João Botelho recorda que, em Tráfico, punha na boca de um actor um pequeno texto de Maupassant em que se dizia algo como (a citação é inexacta, recolhida nos meandros da memória): “Um criado é um ser muito estranho: não é do povo porque o renegou, saiu de lá, mas por mais que queira também não é da burguesia de quem está a servir.” E lembra ainda os “maravilhosos filmes do Renoir, em que os criados observam e criticam com o olhar ou até com o sorriso”. “Aqui não, ela tem a palavra. Esta é a história de ele se apropriar da palavra.”

Cruel, vingativa e apaixonada

Ao viver nesta “terra de ninguém”, Zerlina tenta fazer brotar a sua identidade nos intervalos das vidas alheias. Luísa Cruz acredita que pode passar por aí a grande sedução do texto de Broch e é claramente aí que centra muita da sua energia em palco, enquanto alterna a primeira pessoa de Zerlina e as vozes terceiras escutadas pelos ouvidos de Zerlina, emergidas enquanto se desloca entre a frugal cenografia proposta por Pedro Cabrita Reis.

 O fascínio, diz a actriz, é tentar perceber o que sente esta pessoa a quem os afectos permitidos se reduzem aos seres humanos que a rodeiam. Vive, por isso, os amores que o dia-a-dia lhe pode trazer numa competição com a senhora baronesa – “ficava louca de fúria quando a senhora baronesa recebia cartas dele”, do homem a quem também entregara o seu corpo – ou com a restante criadagem.
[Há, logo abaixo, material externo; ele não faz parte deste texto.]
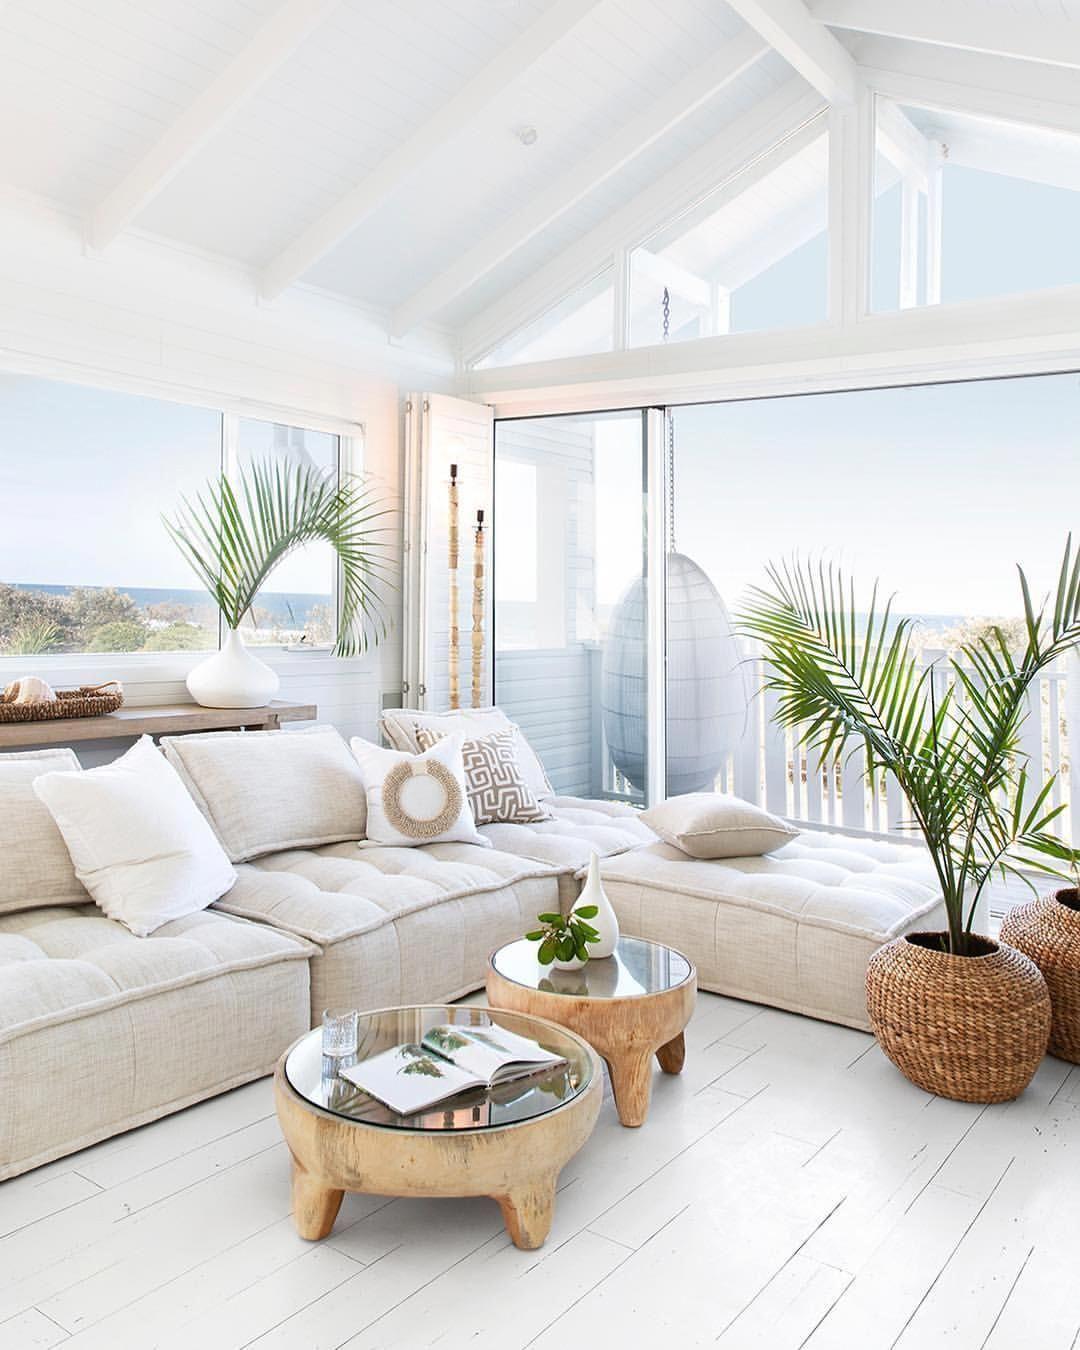 Tropical Beach House Interior: Pin On BEACH HOUSE INTERIORS

Chega, por isso, a cantar vitória sobre a baronesa, ao arrebatar – mesmo que momentaneamente – os afectos que eram destinados à sua senhora. “Mas será que ela acredita mesmo nisso?”, interroga-se Luísa Cruz. “Ou será que tem esse tipo de pensamento para se sentir viva, para se sentir alguém, para se sentir com alguma identidade?”

No entender da actriz, aliás, essas vitórias que Zerlina vai cantando sobre a sua senhora podem, afinal, não passar de pura fantasia, uma invenção para preencher as falhas numa realidade em que vive de empréstimo. Tanto que chega a confessar o quanto, no seu encontro sexual com o senhor de Juna, “a curiosidade dura e implacável pelo pavilhão de caça” a “excitava mais do que o próprio desejo”. Mas se Zerlina se gaba de saber tudo quanto se passa nas vidas à sua volta, desvalorizando a baronesa como uma alma vazia, a criada critica também o povo e faz correr boatos, disseminando inverdades que colocam tudo em atropelo e parecem ter origem na sua mais absoluta solidão, e numa necessidade desesperada de controlo – se não sobre a sua vida, entre sobre as vidas dos outros.

Botelho sente-se atraído por esta violência que o texto comporta. “Ela é uma observadora, mas cruel e vingativa, ao mesmo tempo que apaixonada. Tem os sentimentos humanos todos concentrados numa só personagem.” E para que a música de Béla Bartók e Arvo Pärt não insinue que esta criada Zerlina é apenas atirada para o conforto do passado, o encenador faz questão de terminar com alguma música electrónica. Para que o público não duvide de que é mesmo hoje que tudo isto está a acontecer.